**Problem description:**
Everything in the listing must be repeated exactly, apart from the images.

**Available data:**
______________________________
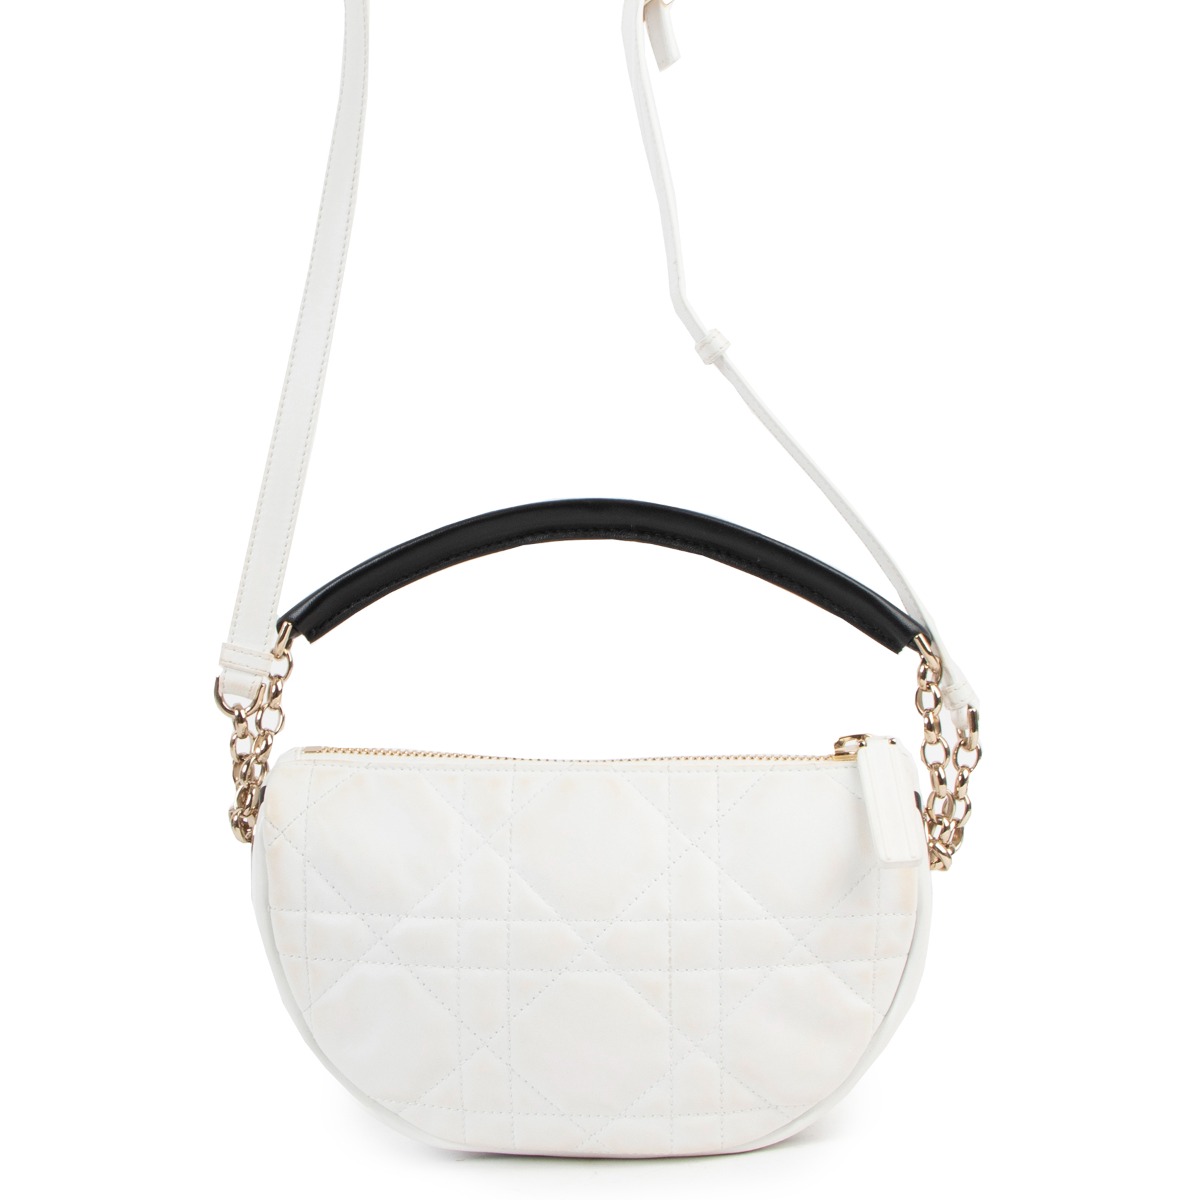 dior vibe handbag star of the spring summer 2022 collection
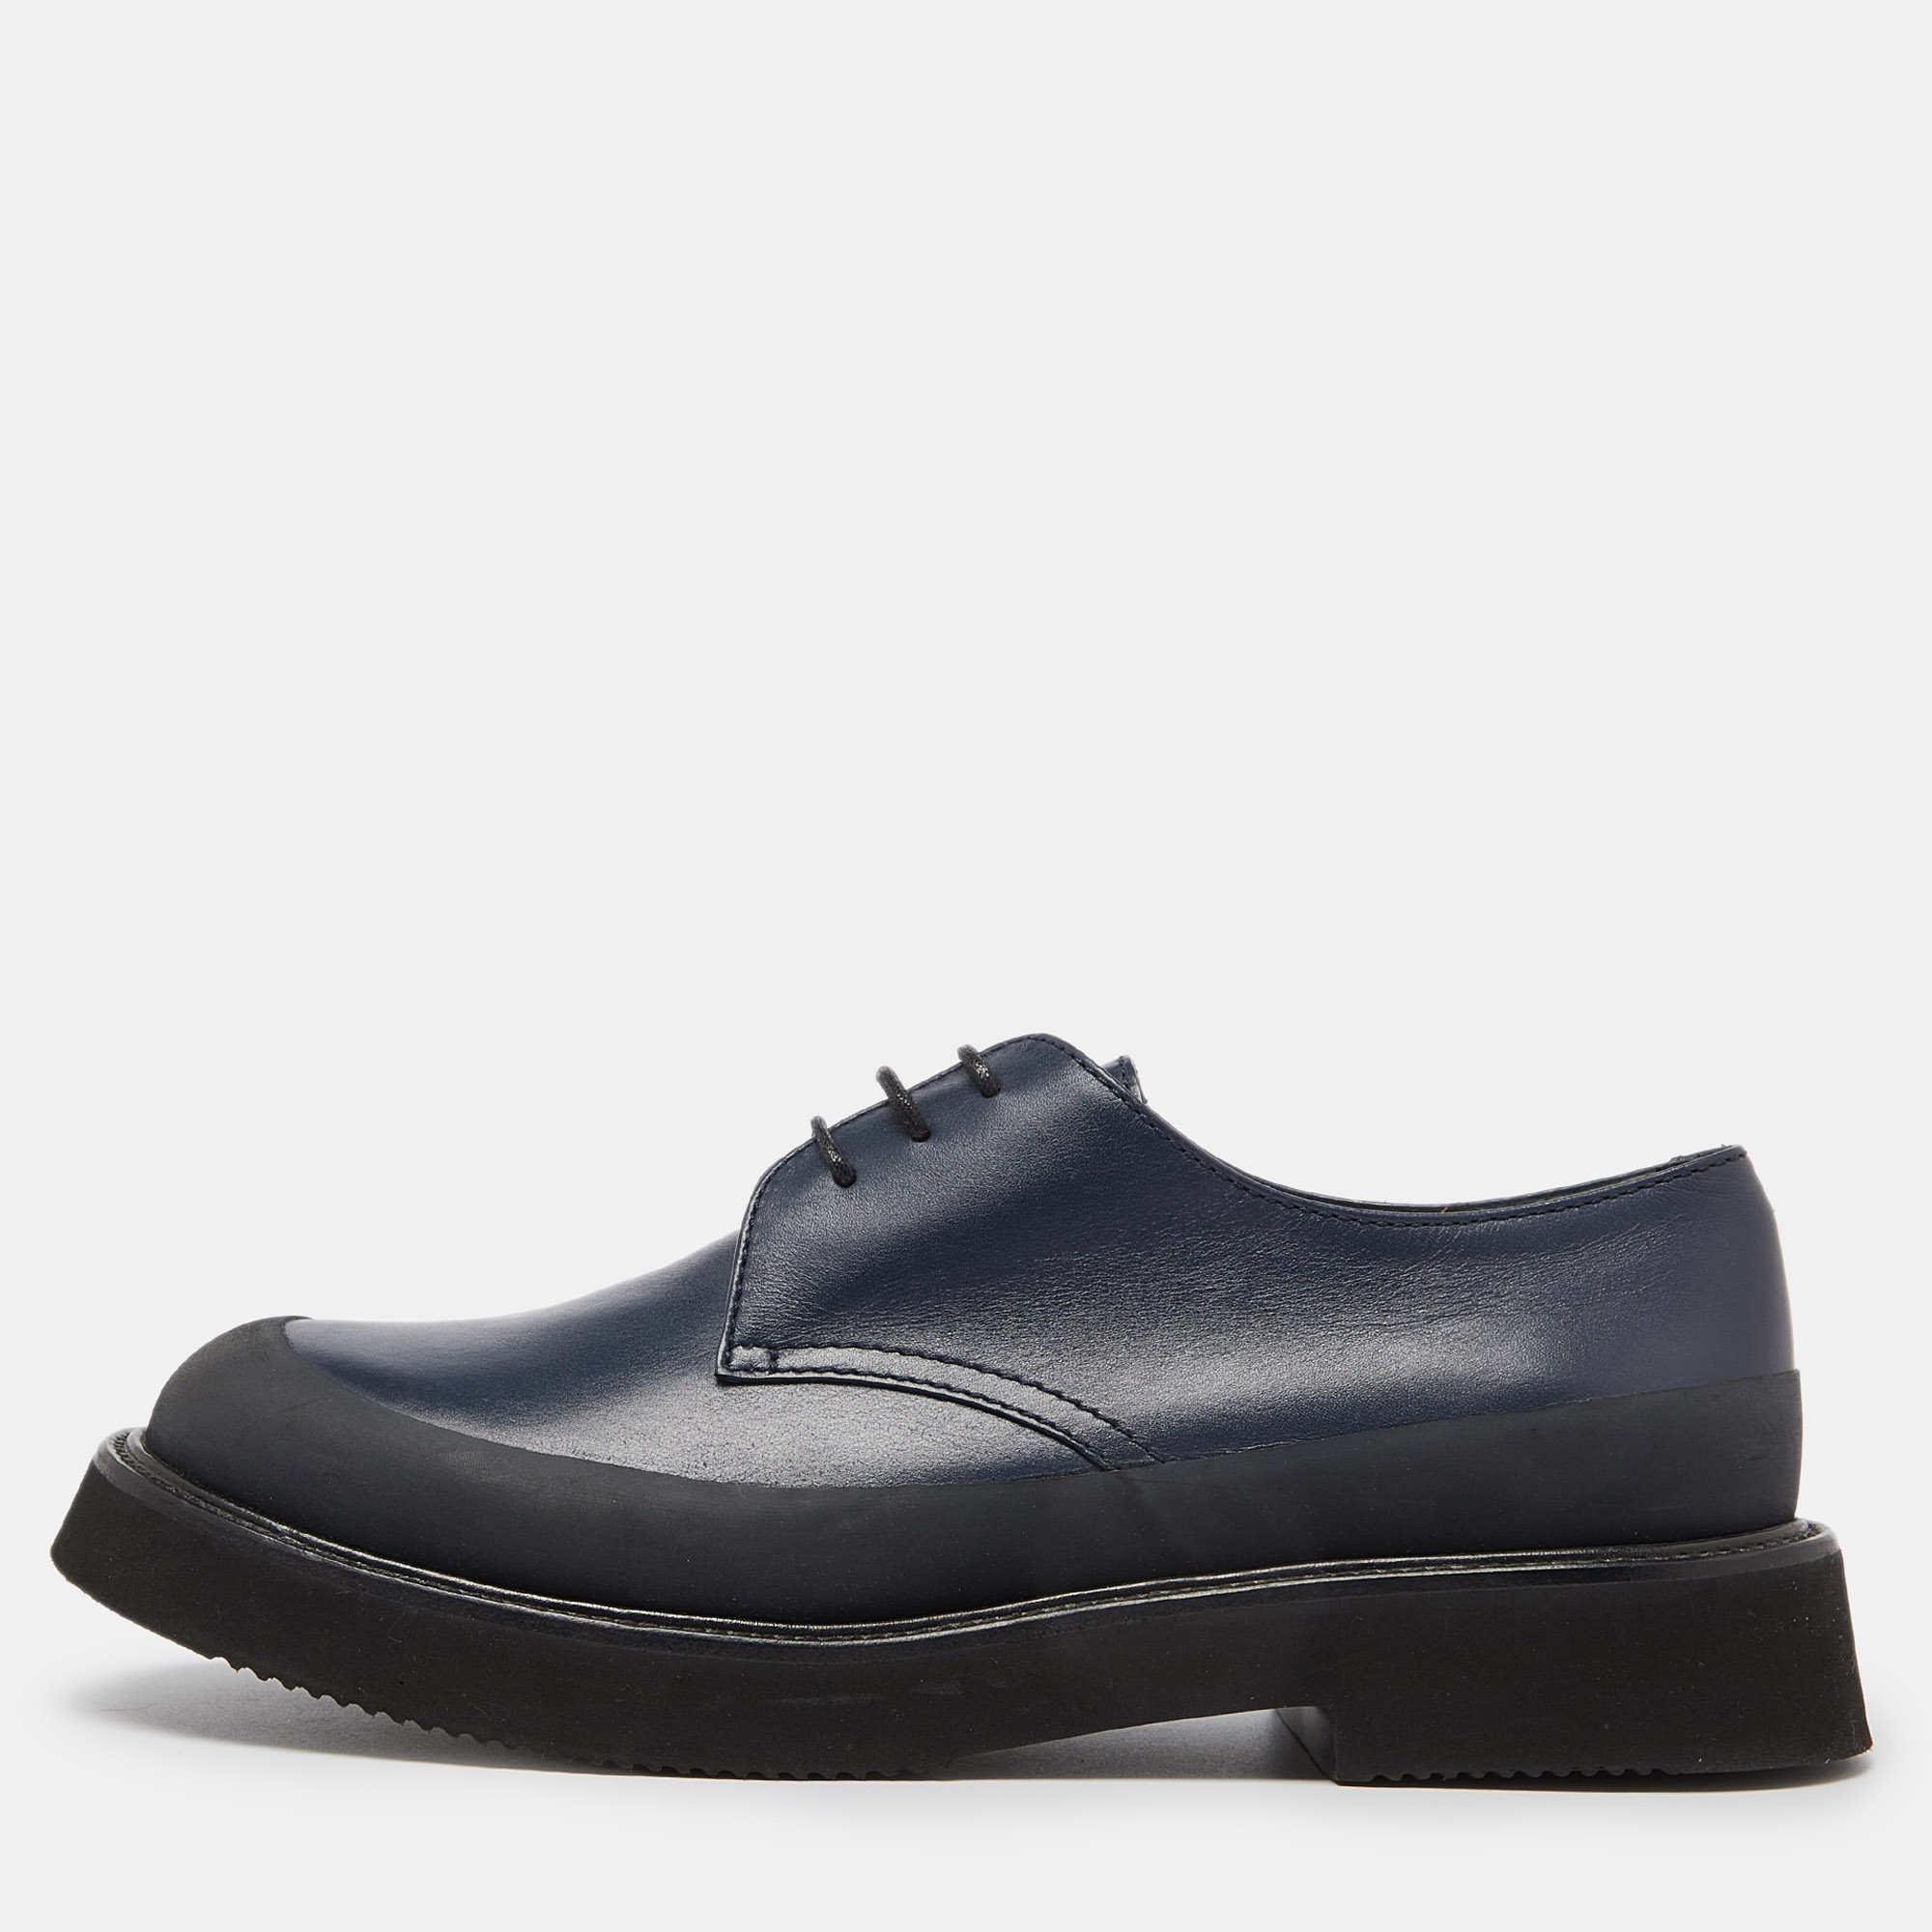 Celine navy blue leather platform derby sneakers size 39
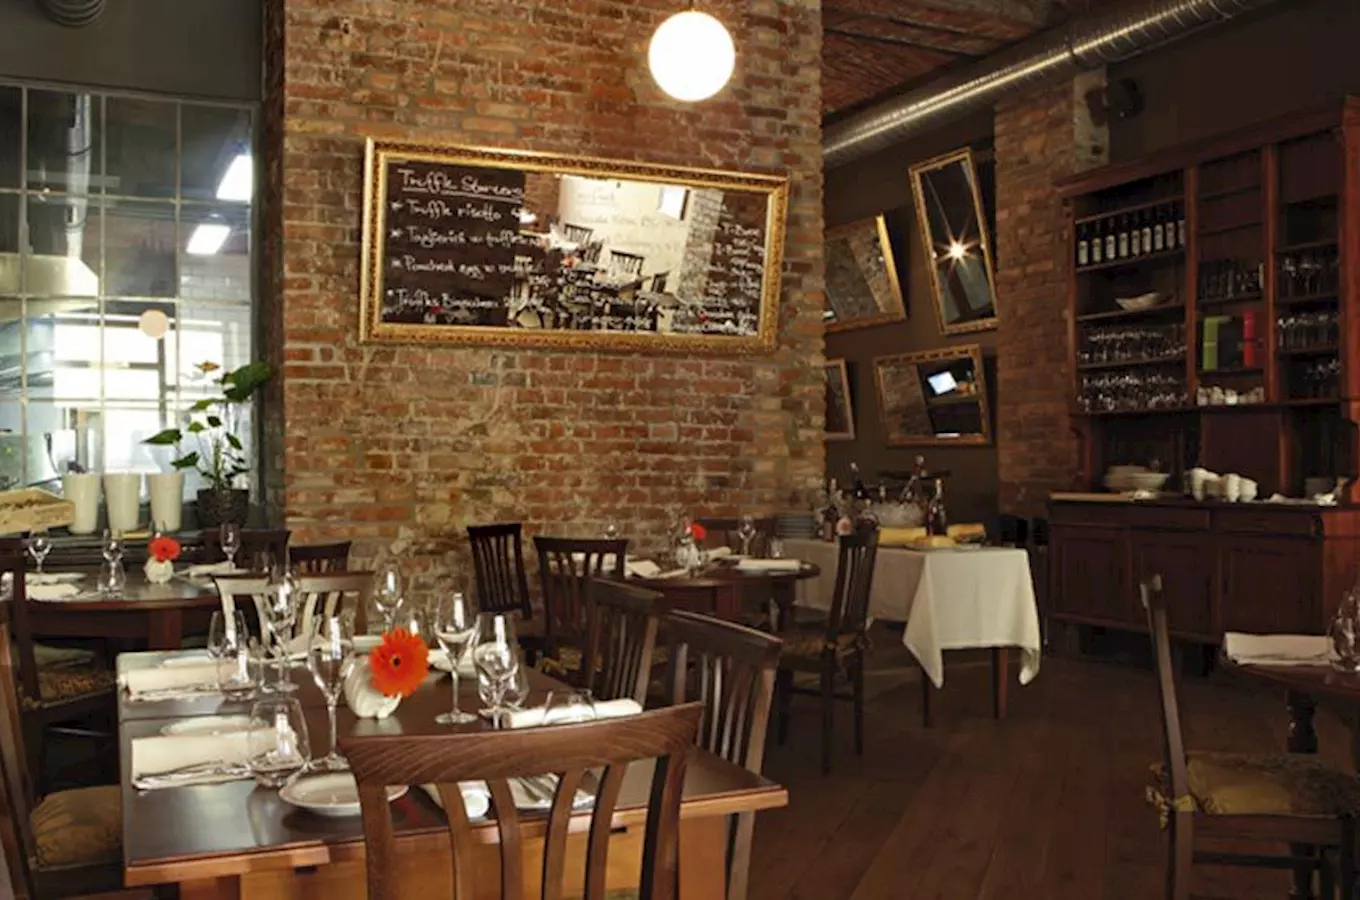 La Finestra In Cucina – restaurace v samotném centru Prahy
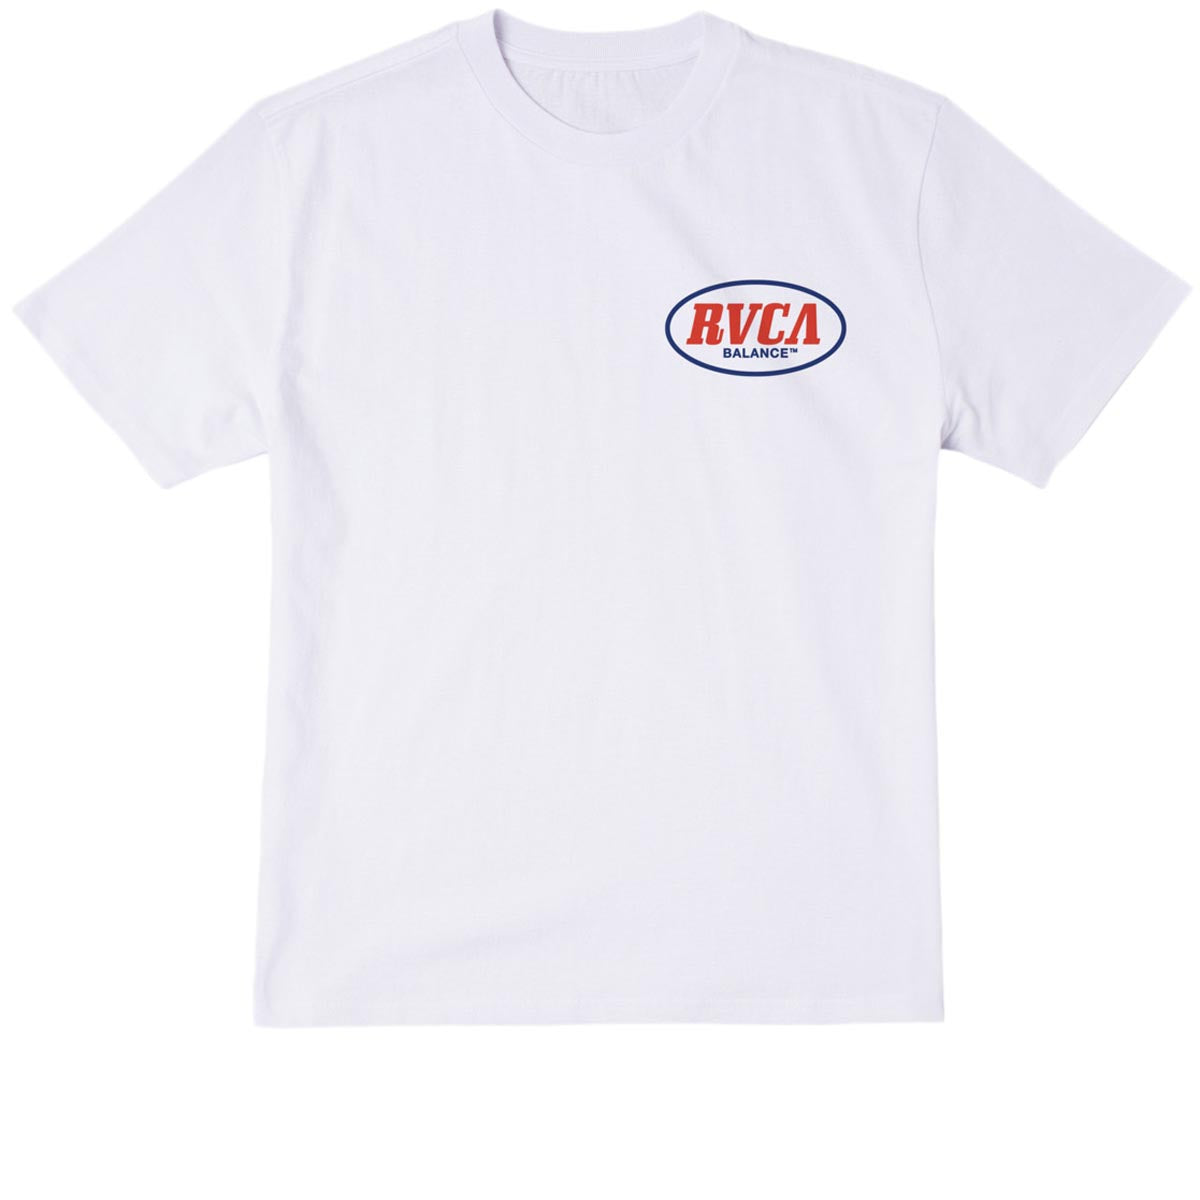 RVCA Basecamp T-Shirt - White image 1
______________________________
**Written answer:**
 dior vibe handbag star of the spring summer 2022 collection
 Celine navy blue leather platform derby sneakers size 39
 La Finestra In Cucina – restaurace v samotném centru Prahy
 RVCA Basecamp T-Shirt - White image 1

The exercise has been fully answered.